I was playing with a function that I think is collision free and uninvertible assuming the hardness of integer factorization. I am unfortunately not as skilled at math as I would like to be, and do not know how to prove or disprove the function as being collision free. My only proof so far has been from unit testing all possible inputs, which for all 2 byte combinations has proven successful, but is obviously not concrete.

The algorithm iterates over a sequence of bits. It counts upwards through prime numbers, beginning at 2. For each contiguous '1' bit in the input bits, an exponent counter is incremented. When a '0' bit is encountered, the current prime is exponentiated and composed into the running output, the exponent counter reset to 0, and the current prime is set to the next prime.

For example:


Is interpreted as:

(2 ** 2) * (3 ** 0) * (5 ** 2) * (7 ** 1)

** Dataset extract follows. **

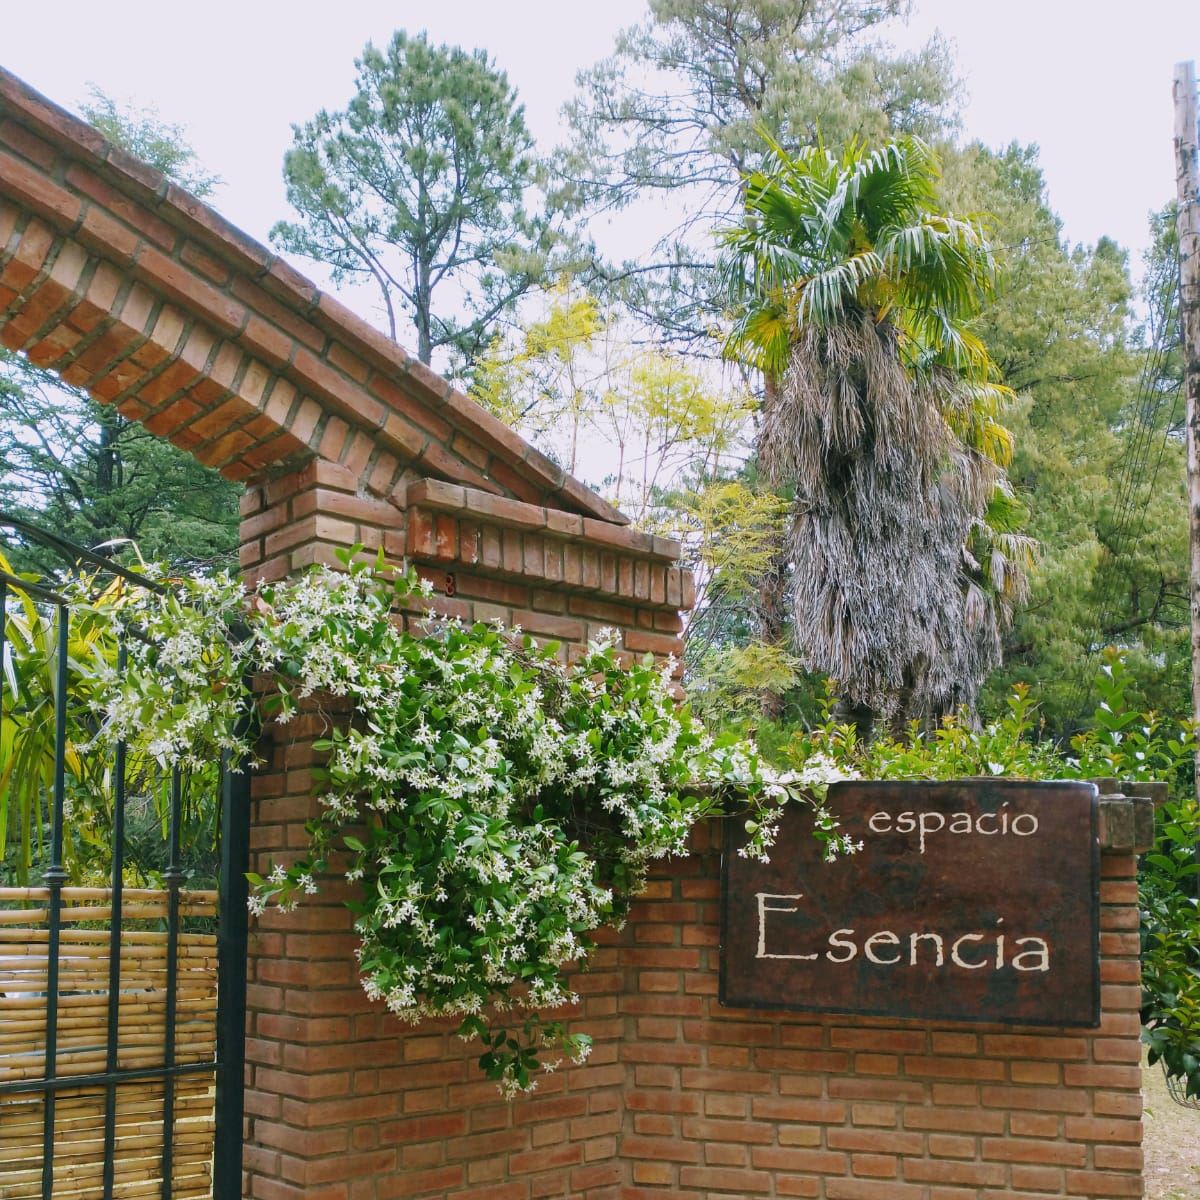 Entrada | Espacio Esencia - Villa de Las Rosas - Traslasierra

Is this function provably collision free, assuming the output is not truncated?

Is the function uninvertible for sufficiently large inputs/outputs?

Lastly, does the function become harder to invert if the output is modified (i.e. truncated or rotated)?

Edit in response to an answer: Let me rephrase the question to be more accurate with what I was actually doing. Suppose we iterate through integers, starting at 0 and incrementing by one. Convert each integer to it's binary form and process it in the manner described above. Do any output values produced this way ever collide?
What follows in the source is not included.